We selected Stage IV, because it's far more common. We have some responses we've seen in metastatic disease with mupa alone and in patients who have failed PD-1s, and we're going to put -- partner our mupa with pembrolizumab, which is -- as you know, is approved -- is an approved agent for Stage IV lung cancer. So those are the reasons.

It's not really AZ's focus on Stage III. It has to do with the fact that, that's where they found their position, back a couple of years ago with their PACIFIC trial. Okay?

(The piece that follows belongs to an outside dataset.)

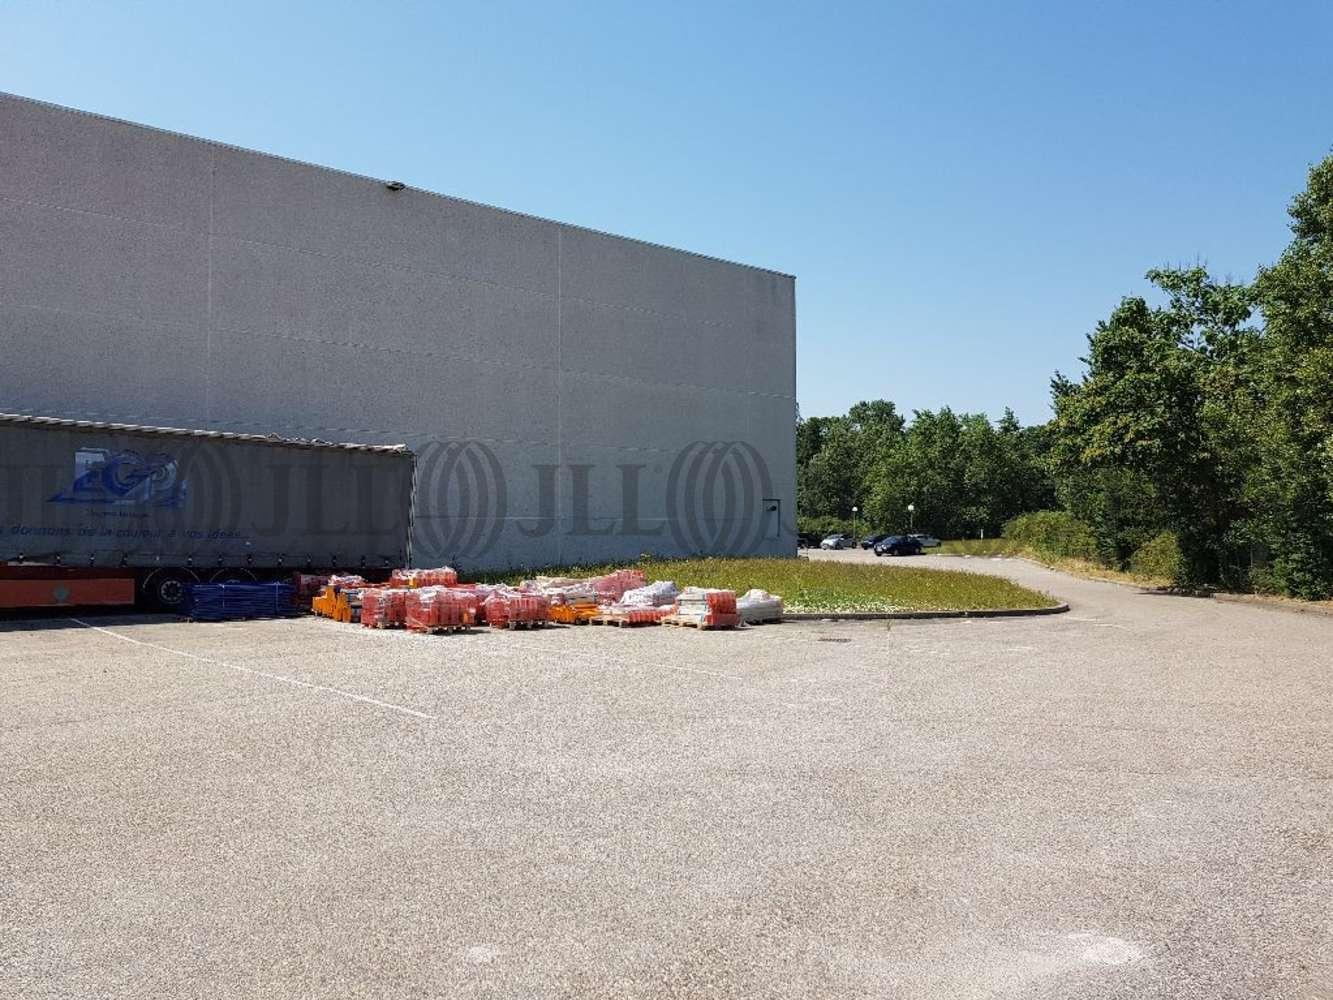 Plateformes logistiques La boisse, 01120 - LOCATION ENTREPOT LYON NORD - AIN
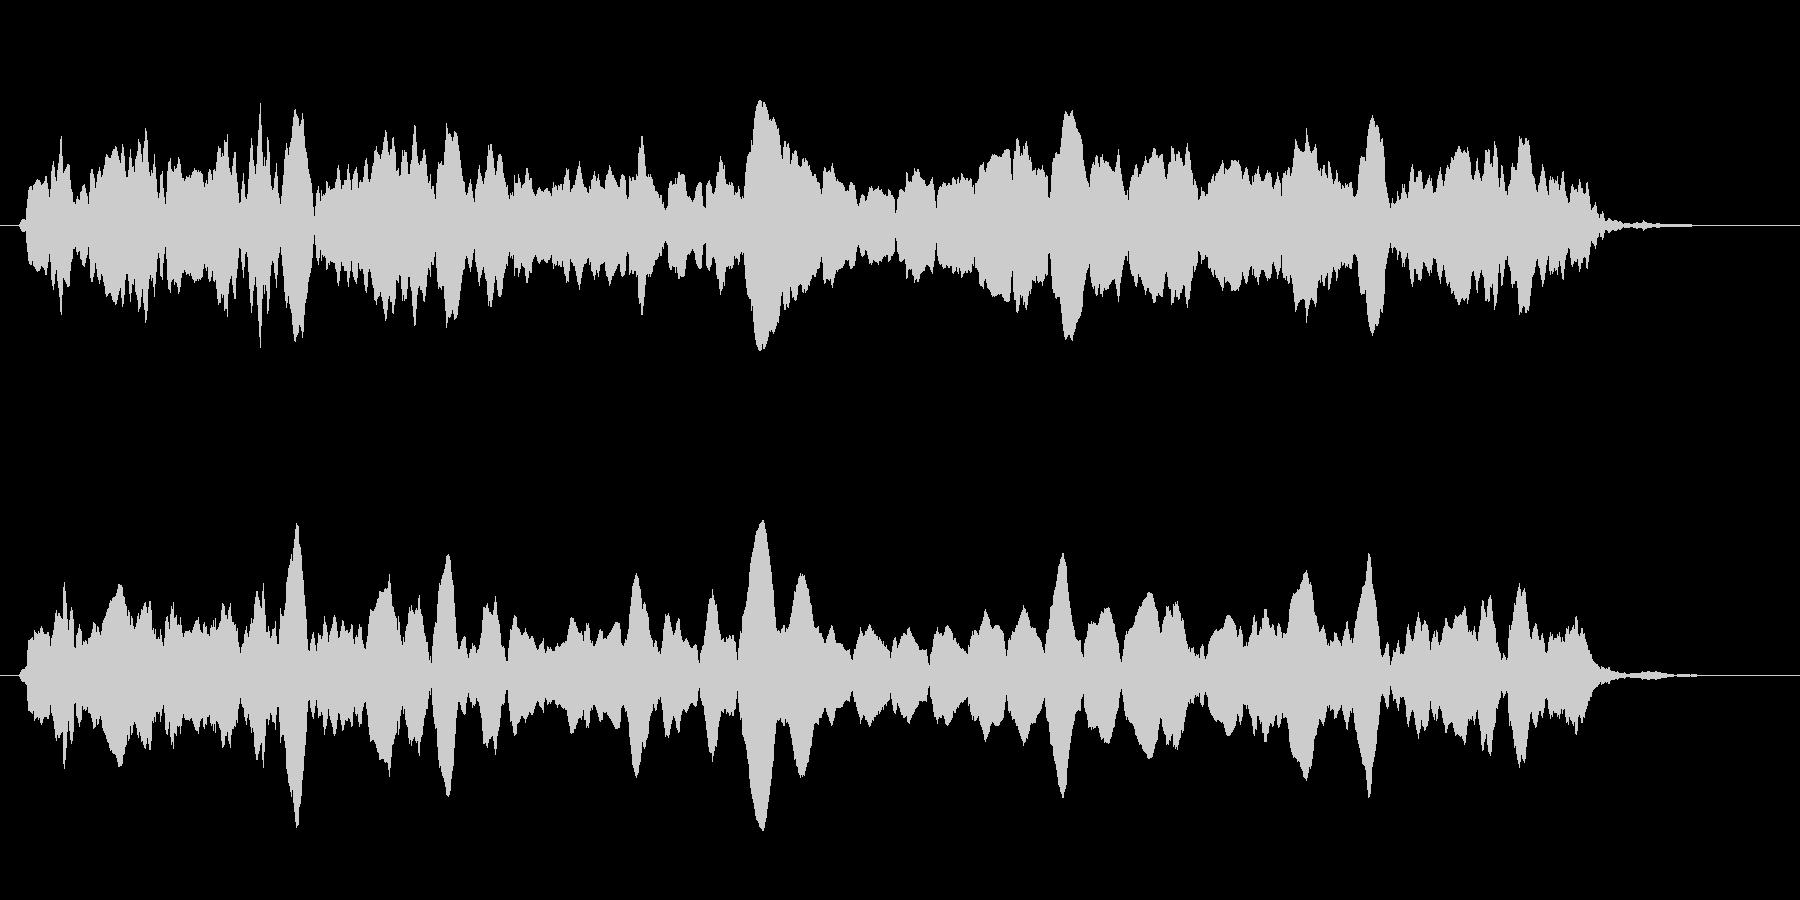 ピピピ(自主規制・数値・パラメータ表示)の未再生の波形

Got you. And I'm just curious for the potential registration trial for mupa for the first-line lung cancer. Are you guys open to the design to including even possible for the triplet including the cifro?

I'm sorry, the triplet, including what?

Ciforadenant.

Adding the A2A blocker to it?

Yes.

We would be open to considering it, but I mean, right now, we have -- this is a pretty straightforward design, both for our Phase II and potential Phase III. It's pembro and chemo, which is approved for all Stage IV lung cancer, except for the EGFR and ALK mutations and adding mupa on top of that. Now if you want to have 2 experimental agents on top of it, that gets a little bit more complicated.

All right. Okay. First, thank you all for participating in the call. We look forward to updating you on our future progress. Thank you very much.

Thank you. This does conclude today's conference. You may disconnect your lines at this time, and thank you for your participation.